**The problem**
The entries below contain pictures. Write out only the lines from the line with "Ride Montana Classic" up to and including the line with "Arkansas State Athletic", exactly, without them.

**Available records**
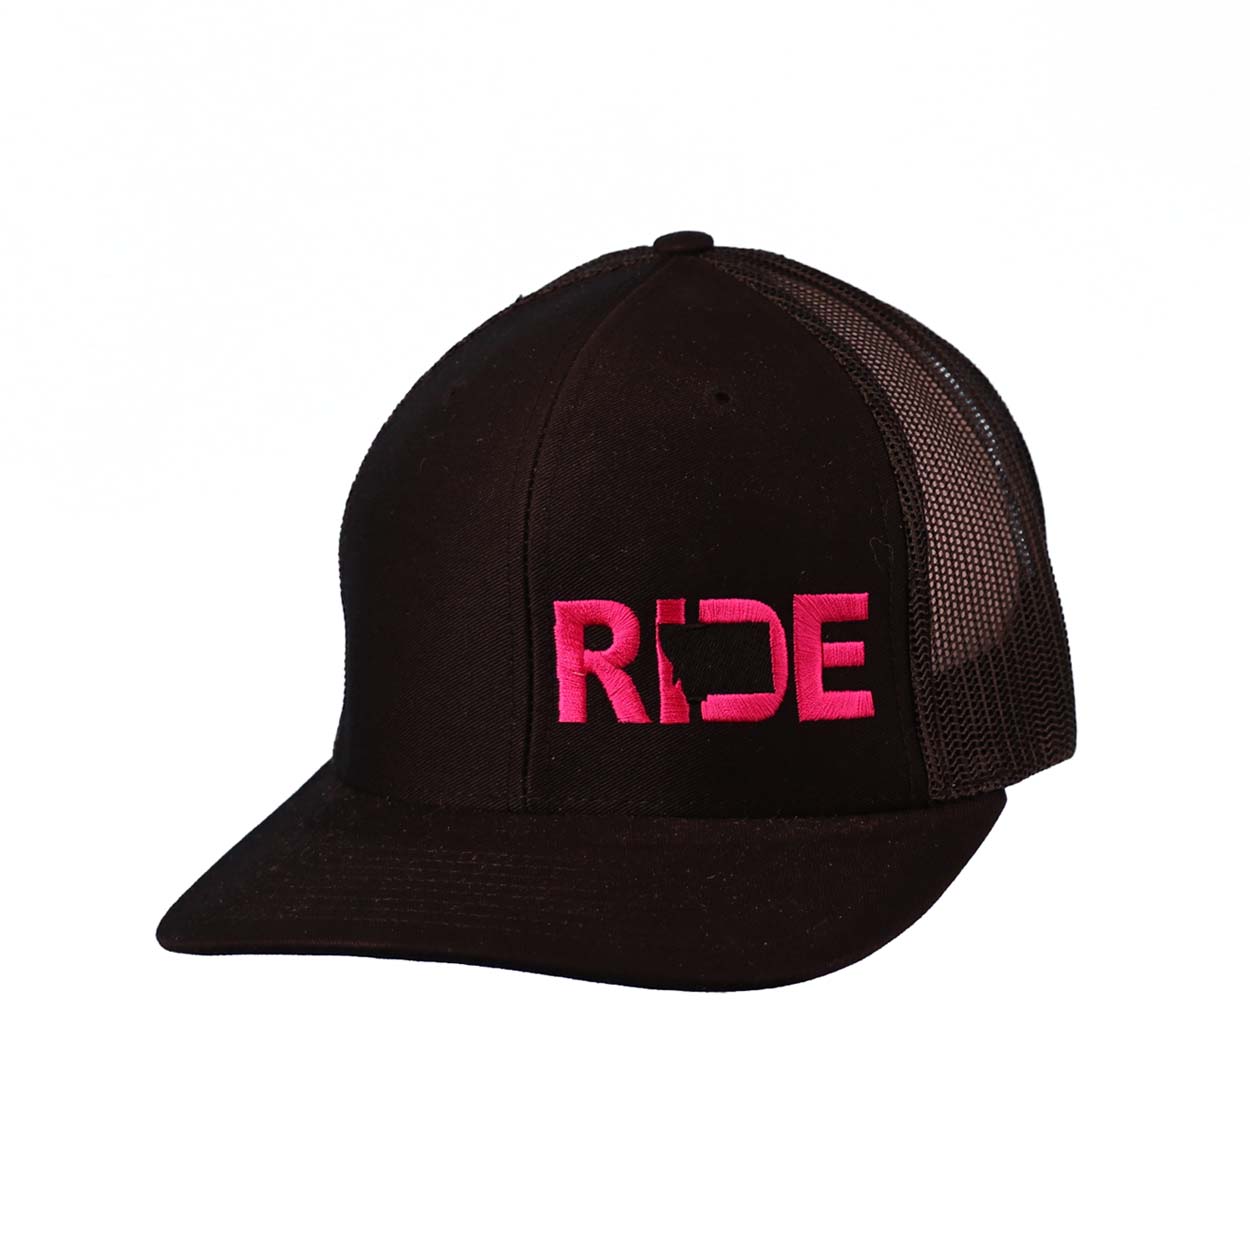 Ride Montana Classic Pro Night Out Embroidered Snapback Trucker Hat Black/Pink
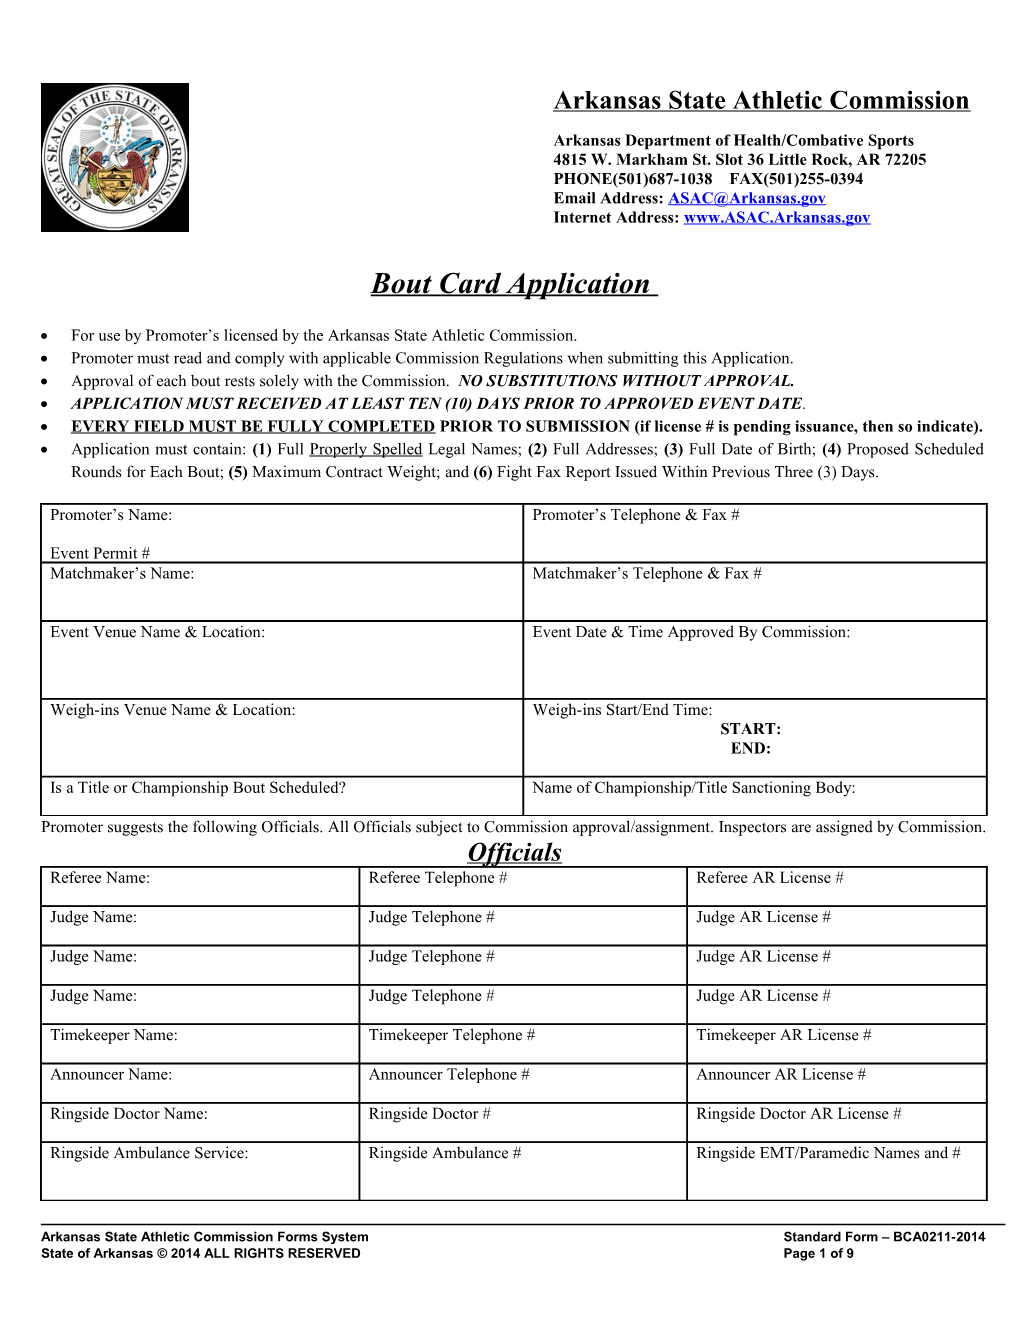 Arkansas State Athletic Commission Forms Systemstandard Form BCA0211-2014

---

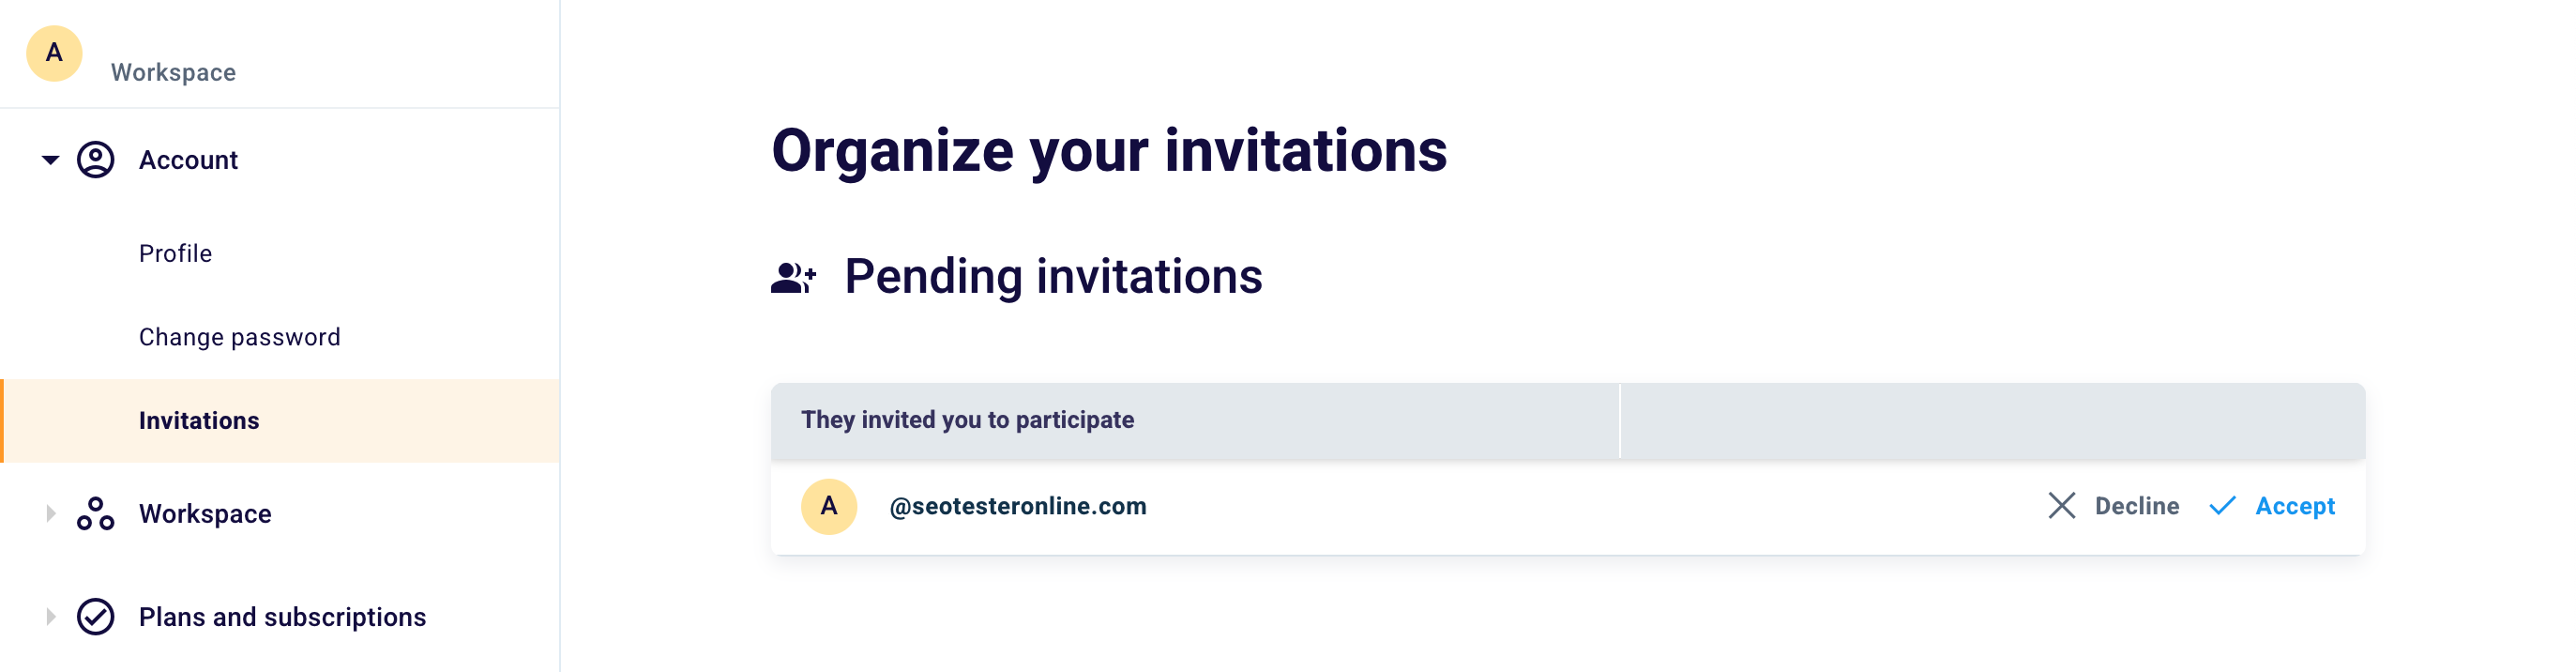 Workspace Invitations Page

**Problem solution**
 Ride Montana Classic Pro Night Out Embroidered Snapback Trucker Hat Black/Pink
 Arkansas State Athletic Commission Forms Systemstandard Form BCA0211-2014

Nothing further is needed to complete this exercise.